In seventh grade I was "born-again" and subsequently attended church camps, was baptized, and became a member of the Presbyterian church. I sought religion because I wass empty, because I was searching. What I found filled the emptiness but not in ways that I was comfortable living. There wa no emptiness because there was no space to be empty, there was only a narrow corridor that we call the "righteous path." There was no right or left. There was no searching. What little space I had was filled with bitterness toward the world for being 'wrong.' I couldn't love anyone because I couldn't love myself. I couldn't accept my own adolescent urges and I couldn't understand how I was supposed to respond to my friends. This is really your typical coming-of-age story, but I chose to come of age in the church. Not a good idea. Ripe for fuck-uppage.
I left the church in ninth-grade, Freshman year. The straw that broke the camel's back was their take on how I should deal with my best friend. I was told to save her or leave her as a sinking ship. There was no acceptance for pagans, especially pagans with lesbian tendencies. Her Wiccan youth group, the "Diana circle," started to sound a lot more appealing than my own. All the kids in my youth group did was sneak out and smoke in the back. There was no spirituality, there was no embrace; there were only rules and the sheep that followed them. I guess you could say that when I left my life as a 'born-again," I killed myself, but I found out what it was like to be truly alive.
Part of the reason that I am so vehemently angry toward narrow-minded people (and yes, this seems like a double-standard) is that I had to witness every ounce of pain they caused my best friend. I began to understand that my best friend's parents were not only the best parents she could ask for (and I was truly jealous of their coolness) but they also loved each other very much. They became some of my best friends. From about sixth grade on, when her parents announced their 'engagement' in a local paper, she suffered. The community was full of quiet bigots who dissented just enough to tell their children about what was "wrong." These children, not yet old enough to make up their own minds, set their parents views to work on my best friend, and viciously. I was the one who fought the fights... she was too scared to know how. Eventually, her scars made her numb and I had to be the voice. As we grew older, so did our homophobic peers. Some of them dropped their weapons and got a real life. Most of them got more angry as they learned bigger words to voice their bigotry. Middle school was hell on earth. High school was just as bad. Her pain was my pain. First, because I had to stand up for her and was frightened to learn how brutal classmates could be. Second, because I was already struggling to deal with my own sexuality and I made her fight my own.

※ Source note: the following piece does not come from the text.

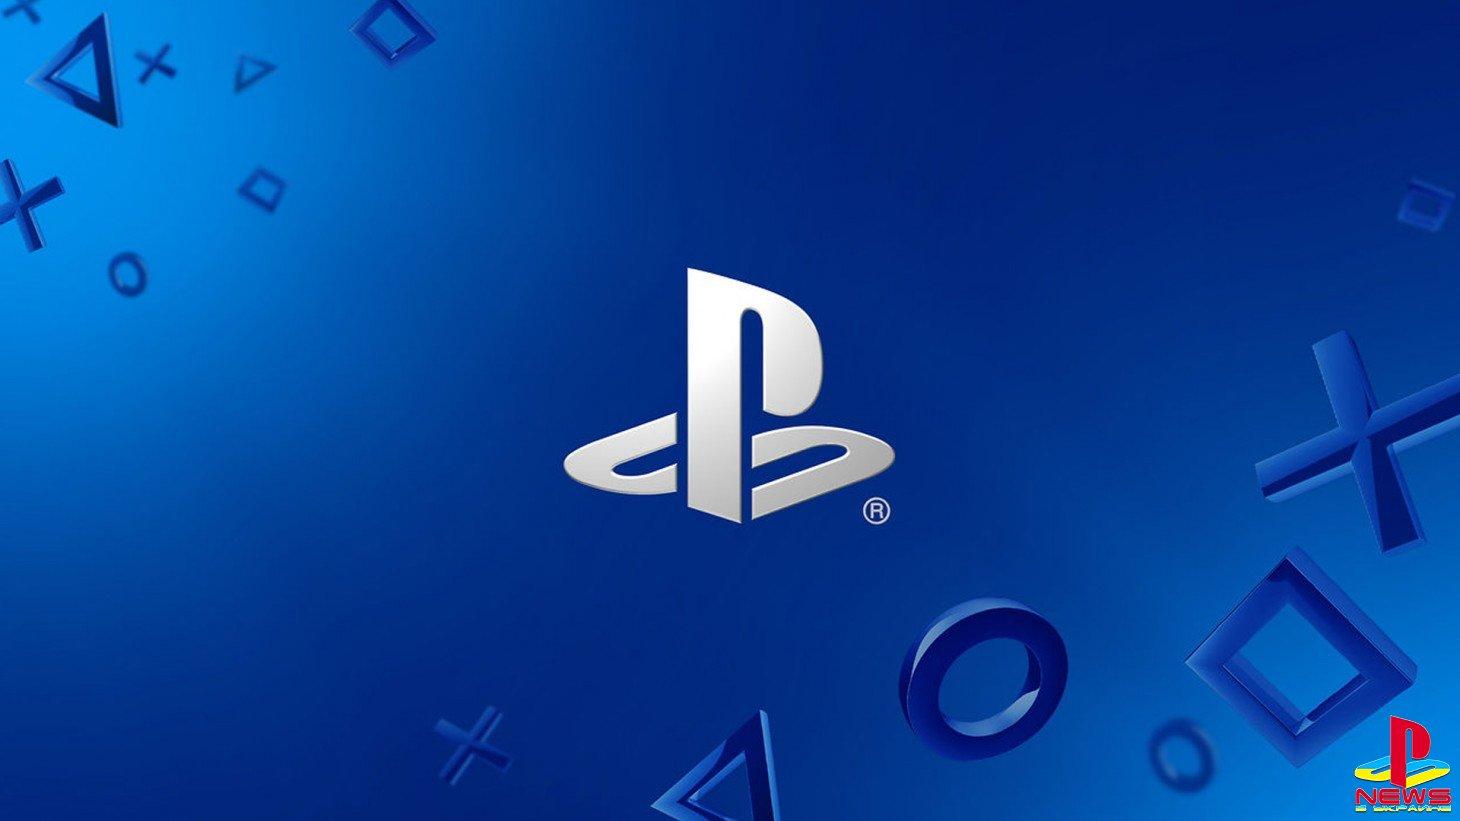 На Sony подали в суд из‑за невозможности покупать игры в цифре вне PS Store

So you don't like gay people? I wish I could tell you, "Good for you." I can say that everyone is entitled to their opinion. I can try to be loving of those who hate people who are different. I can pray that they keep their opinions internalized and hope that these beliefs that make them "feel good" will make them lead a good life. I can try, but I know these people. I know that even though they quietly dissent, their children will be their voice. I know that as these children grow older, some of them will keep their voice. I know that the anger of those quiet and loud alike will bleed the hearts of people like me, my best friend, and her parents. I also know that these people do not deserve these wounds.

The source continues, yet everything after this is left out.